Assistant Professor, College of Osteopathic Medicine, Nova Southeastern University

Adjunct Professor, Farquhar College of Arts and Sciences Division of Math, Science and Technology, Nova Southeastern University

Research Faculty, Department of Veterans Affairs, Miami, Fl

Paula Waziry, Ph.D., is a pharmacologist fascinated with the immune system, cancer development, nucleocytoplasmic transport, development of innovative therapies and pathogens’ interactions with hosts. Her research philosophy encompasses an integrated approach that takes in consideration the wellbeing of the person, rather than concentrating on specific diseases or organ systems.

Based on this approach, Dr. Waziry is propelled to investigate Myalgic Encephalomyelitis/Chronic Fatigue Syndrome (ME/CFS) as it is a debilitating disorder without known causes and is believed to have a genetic predisposition along with environmental factors (epigenetics, pathogens). Furthermore, symptoms of ME/CFS resemble those of viral reactivation and some patients ameliorate using antiviral drugs, however, no specific virus has been identified as causative of ME/CFS.

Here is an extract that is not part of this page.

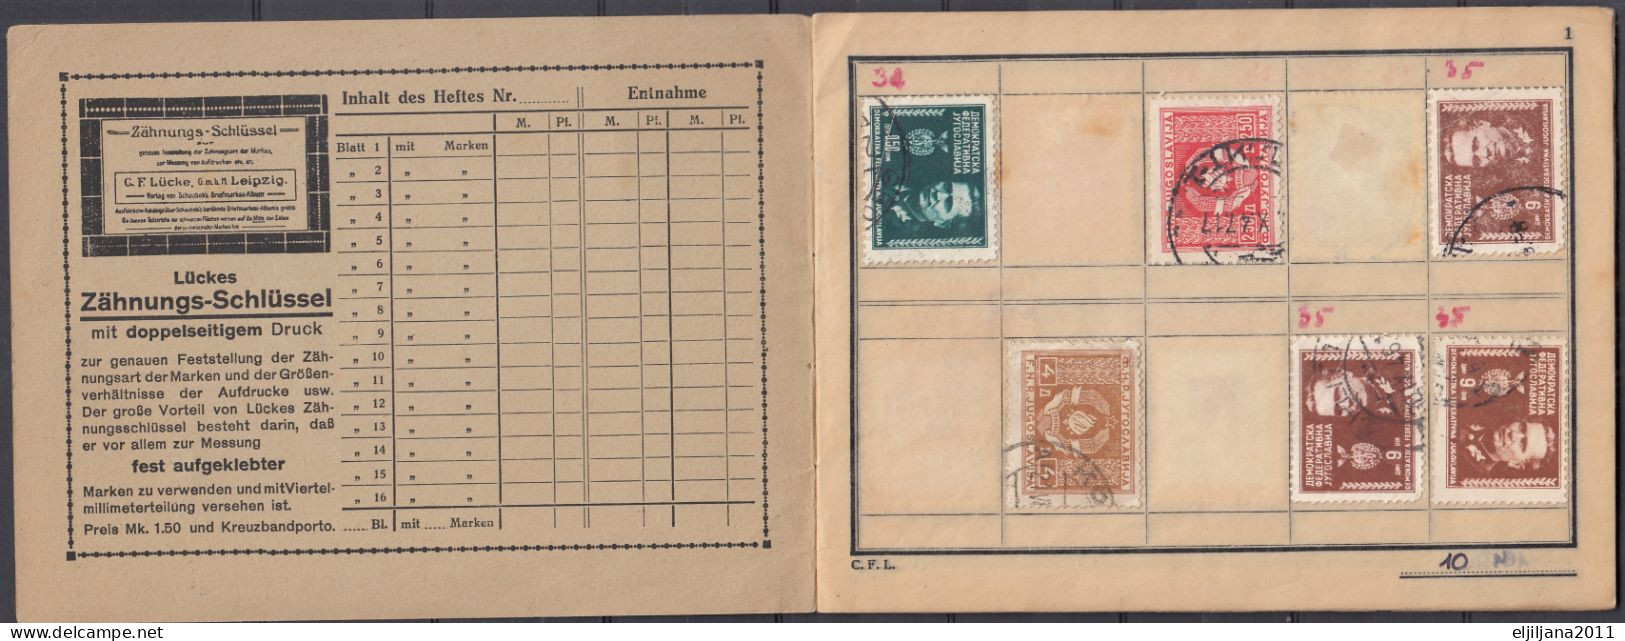 ⁕ Yugoslavia ⁕ Old Album - Booklet With Stamps (9 Blank Sheets) 14.5 X 11 Cm ⁕ 74 Used Stamps - Tito / Partisans - Scan - Colecciones & Series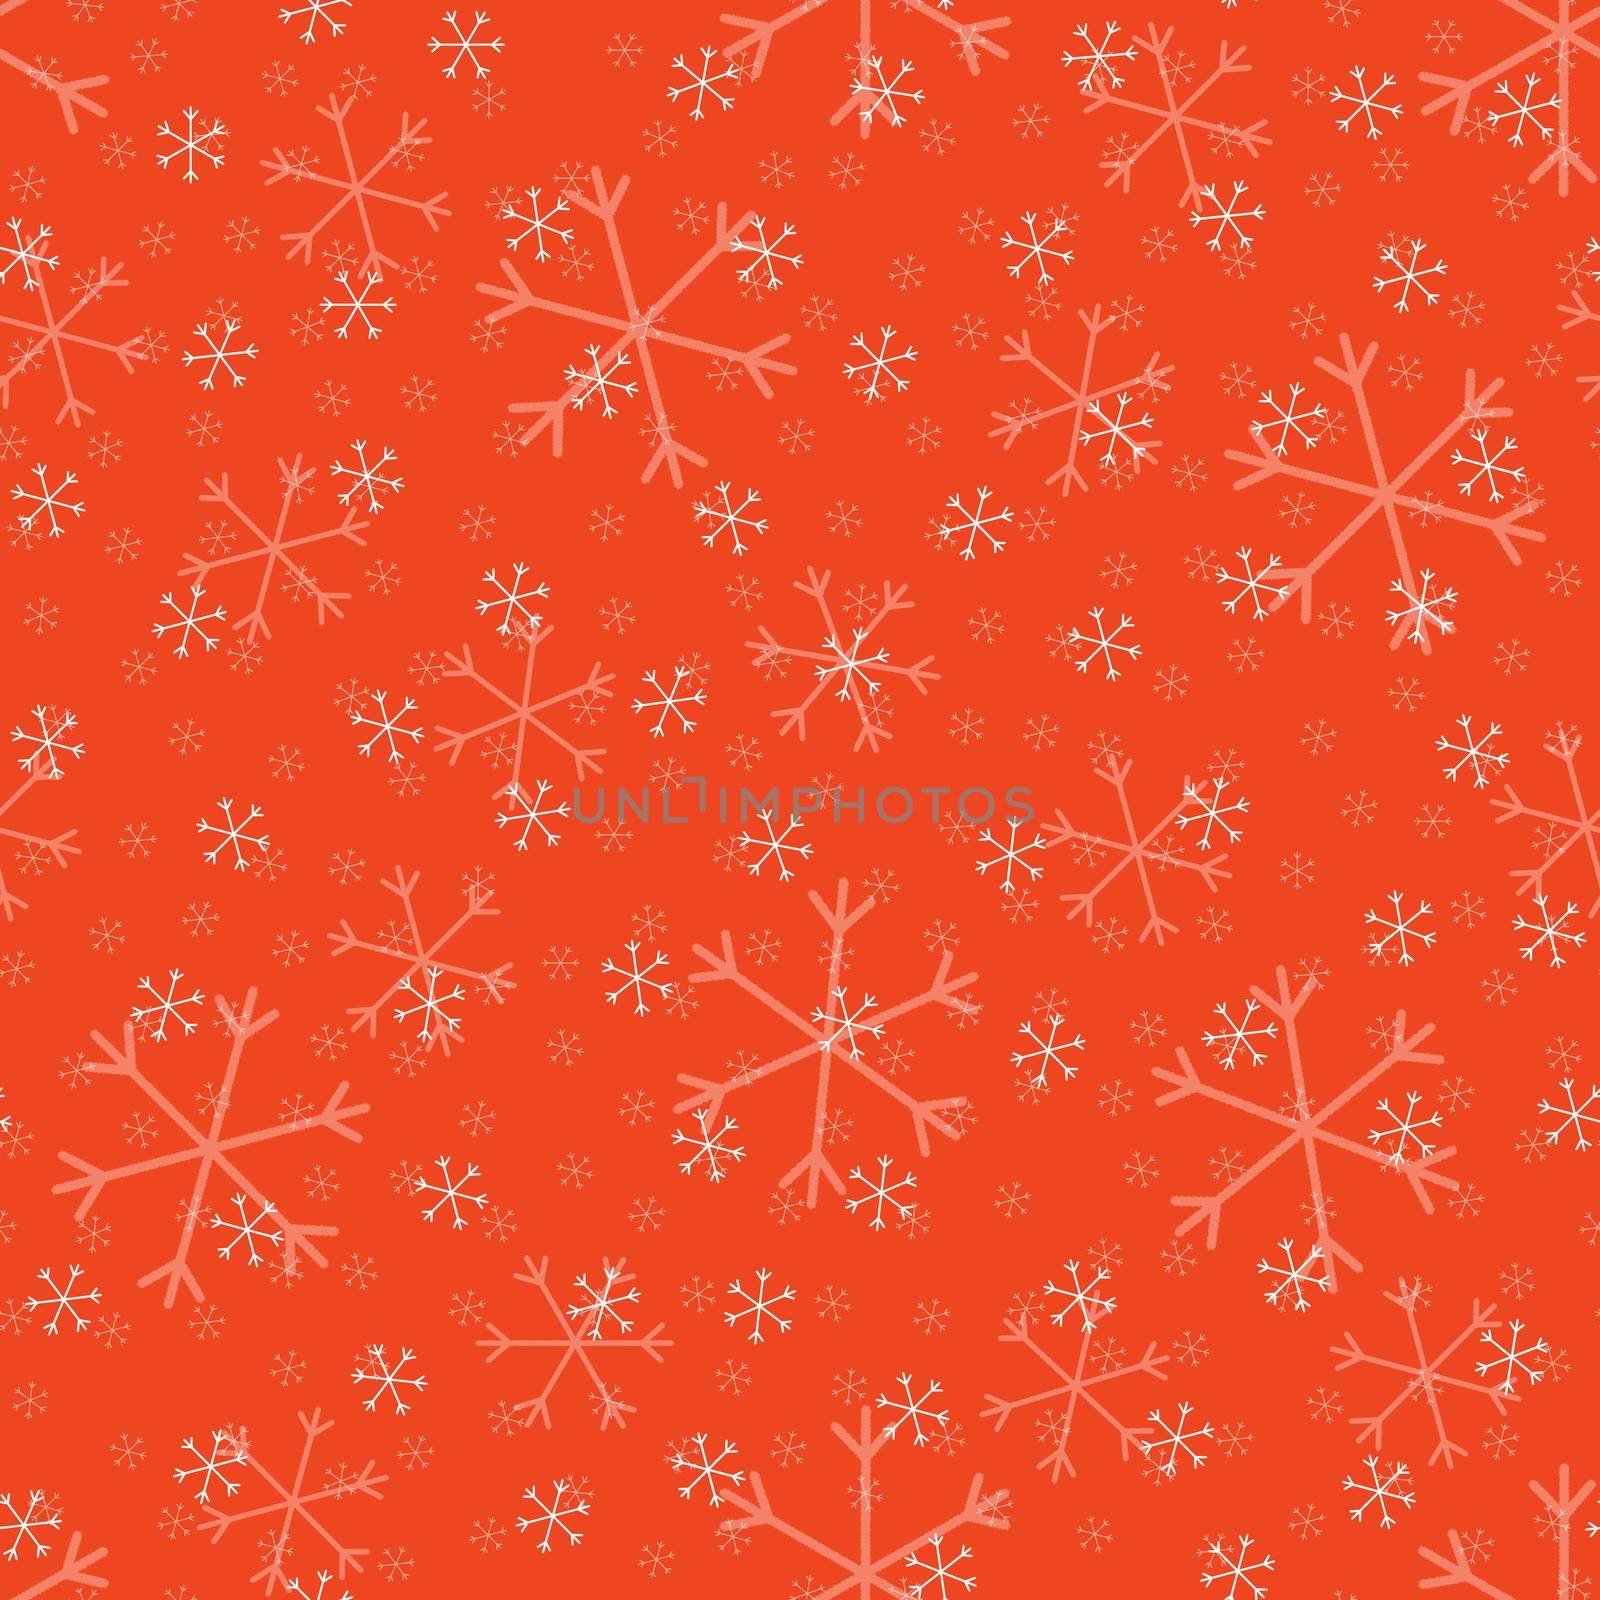 Seamless Christmas pattern doodle with hand random drawn snowflakes.Wrapping paper for presents, funny textile fabric print, design, decor, food wrap, backgrounds. new year.Raster copy.Coral, pink

Dr. Waziry’s knowledge of viral host evasion and takeover of nucleocytoplasmic machinery function has led to her research focus in identifying pathways at cellular levels that can be targeted for therapeutic intervention. Through her research, Dr. Waziry will reveal new therapeutics for ME/CFS and also contribute to the field of virology and antiviral drug design.